Abstract

The treatment of hematological malignancies by harnessing immune responses has long been pursued. It is well accepted that the success of allogeneic hematopoietic stem cell transplantation (HSCT) as a treatment for hematological malignancies is due primarily to immunologic recognition and elimination of recipient leukemia cells by donor T cells, the so-called graft versus leukemia (GVL) effect. Based on the discovery and identification of leukemia antigens, it is now possible to target leukemia either by specific vaccination or adoptive transfer of in vitro generated anti-leukemia cytotoxic lymphocytes (CTLs). Leukemia antigens can be categorized broadly into 3 classes: (1) ubiquitously expressed alloantigens, also known as minor histocompatibility antigens (mHags), widely expressed by normal tissues in the recipient as well as by leukemia cells, and capable of initiating both GVHD and GVL responses; (2) alloantigens expressed uniquely by cells of the hematopoietic system (tissue-restricted mHags) such as HA-1 and HA-2; and (3) leukemia antigens, including leukemia-specific antigens such as BCR-ABL in Philadelphia-chromosome–positive leukemia and over- or aberrantly expressed leukemia-associated antigens (LAAs) such as proteinase 3 (PR3), Wilms tumor 1 (WT1) and the preferentially expressed antigen of melanoma (PRAME).
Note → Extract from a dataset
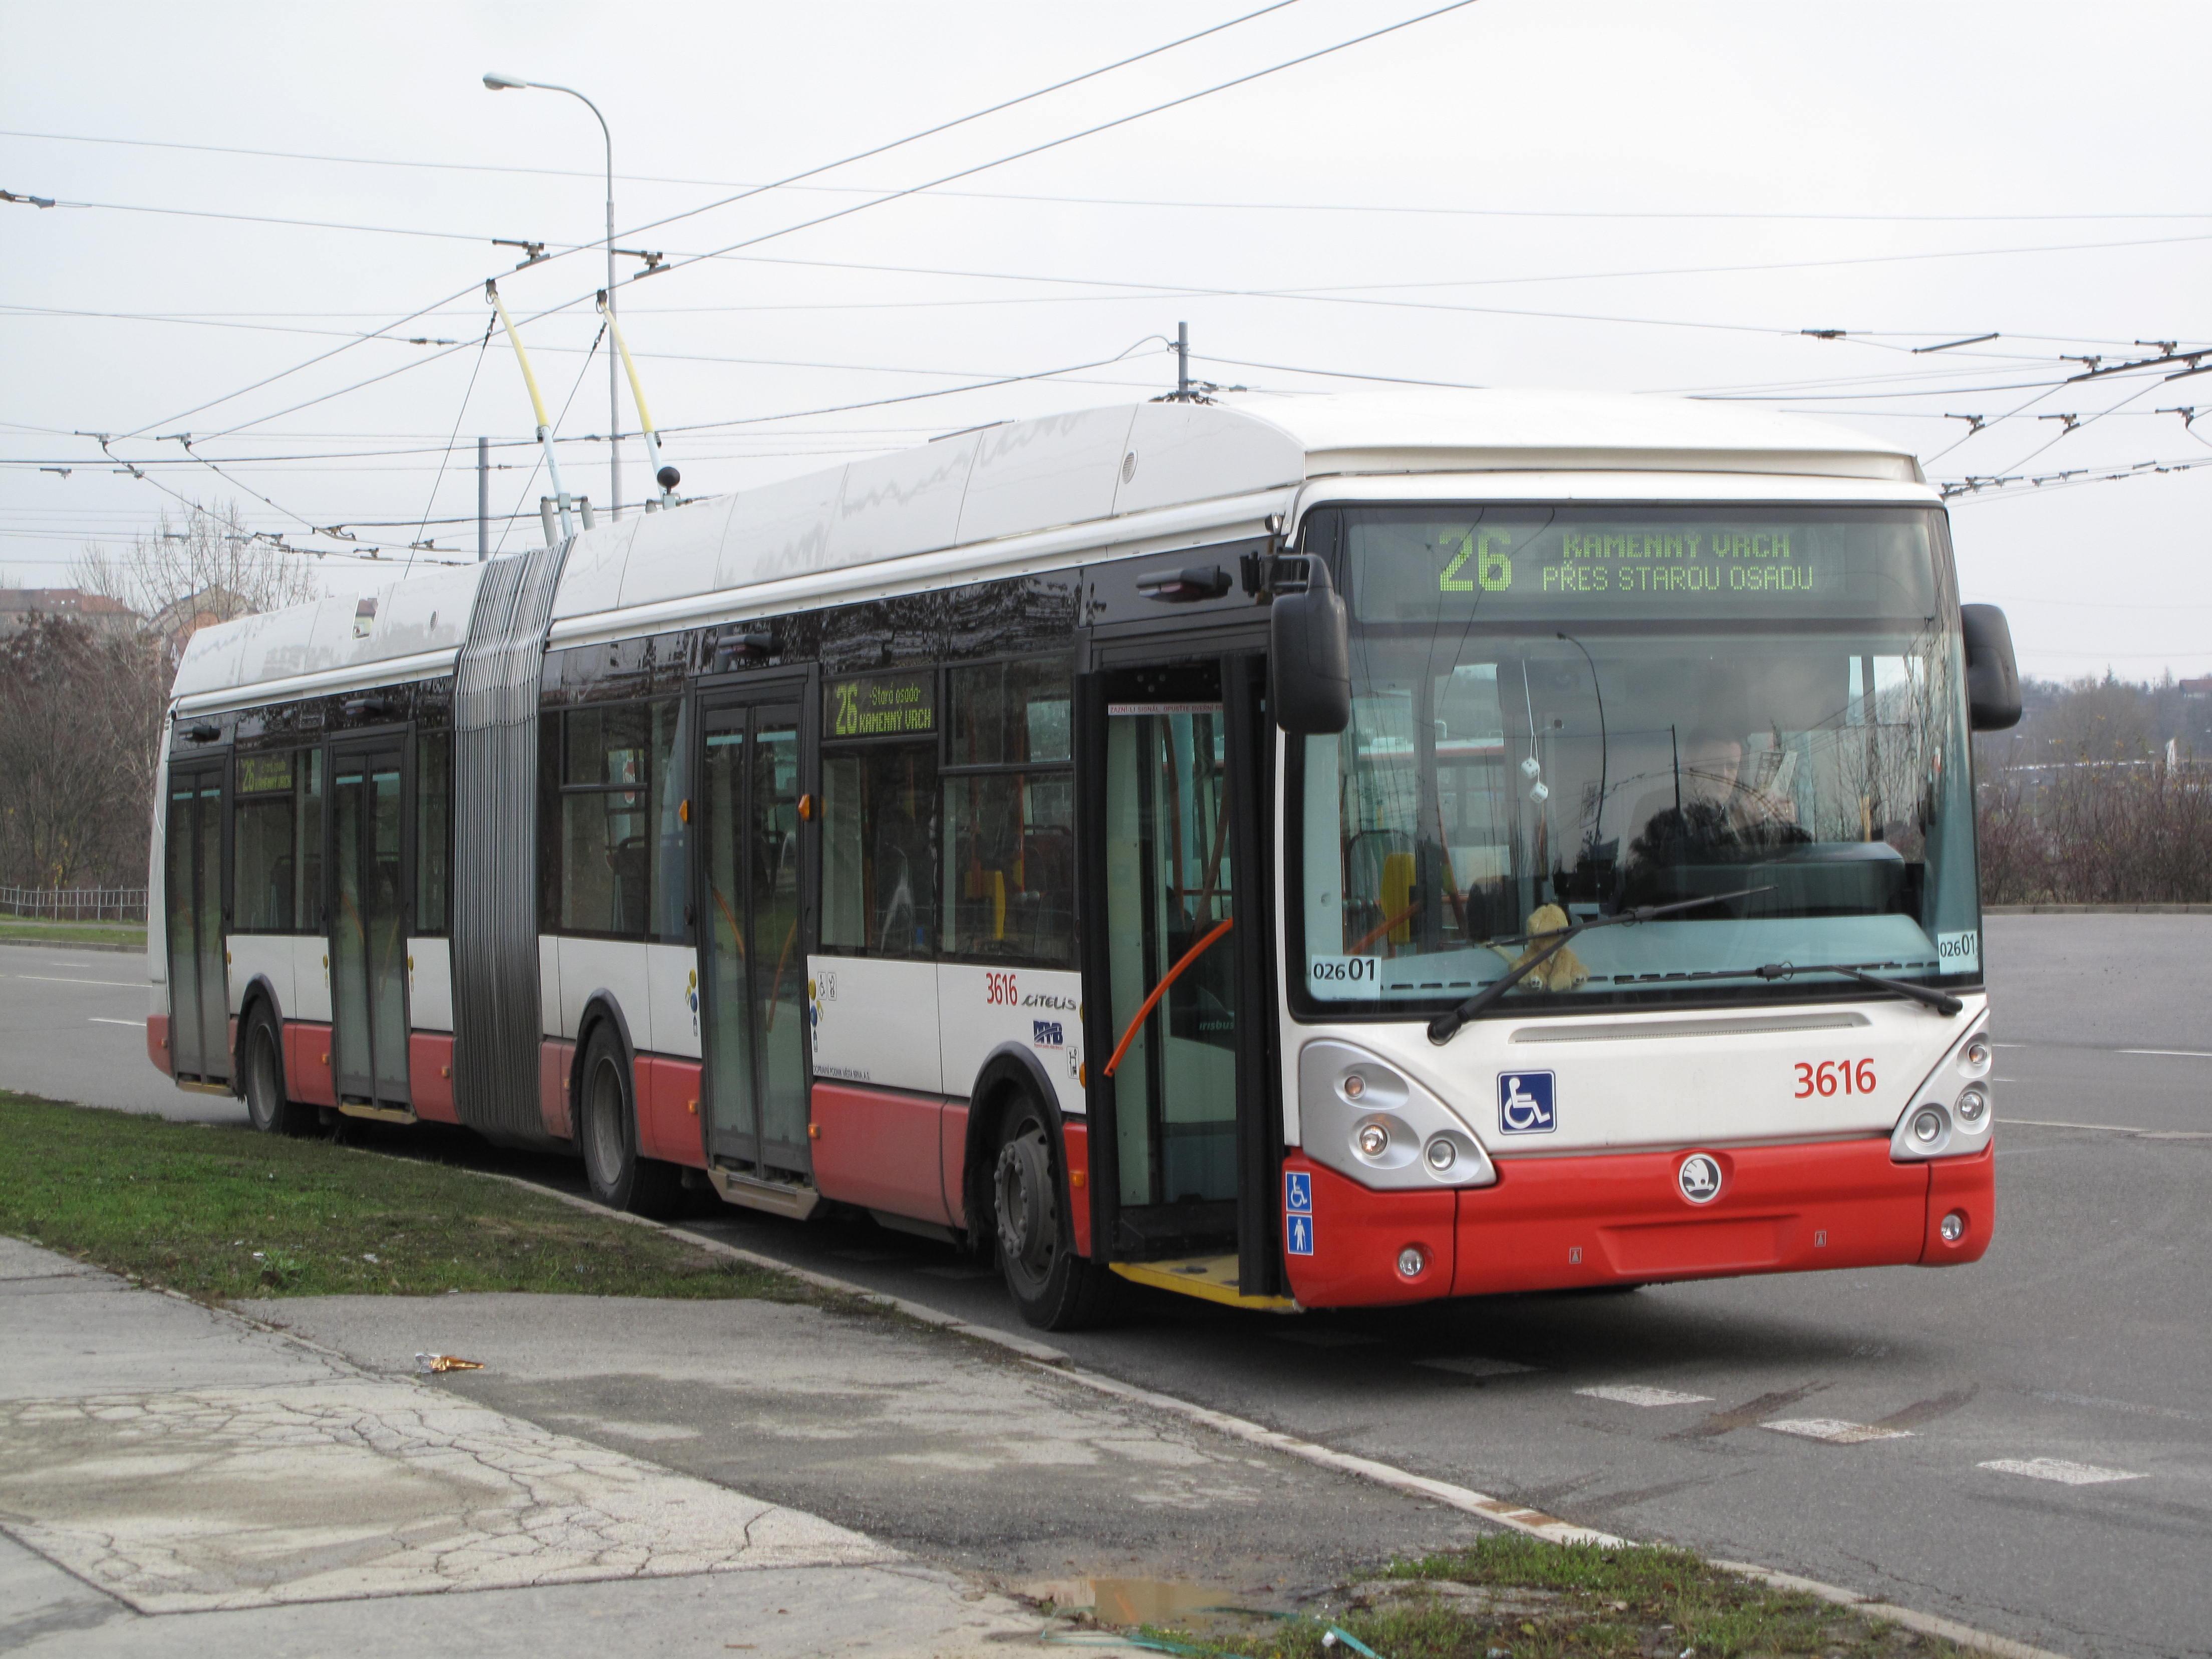 Skoda transports ... Kloubov%C3%BD_trolejbus_u_Novol%C3%AD%C5%A1e%C5%88sk%C3%A9

A number of studies have shown a temporal inverse relationship between circulating T cells directed against mHags or LAAs and minimal residual disease in patients with acute and chronic leukemia after allogeneic HSCT, supporting a role for these antigens in the GVL response.1,2 This review will encompass a bench to bedside approach evaluating strategies for active induction or passive transfer of tumor-specific T cells in patients with hematological malignancies.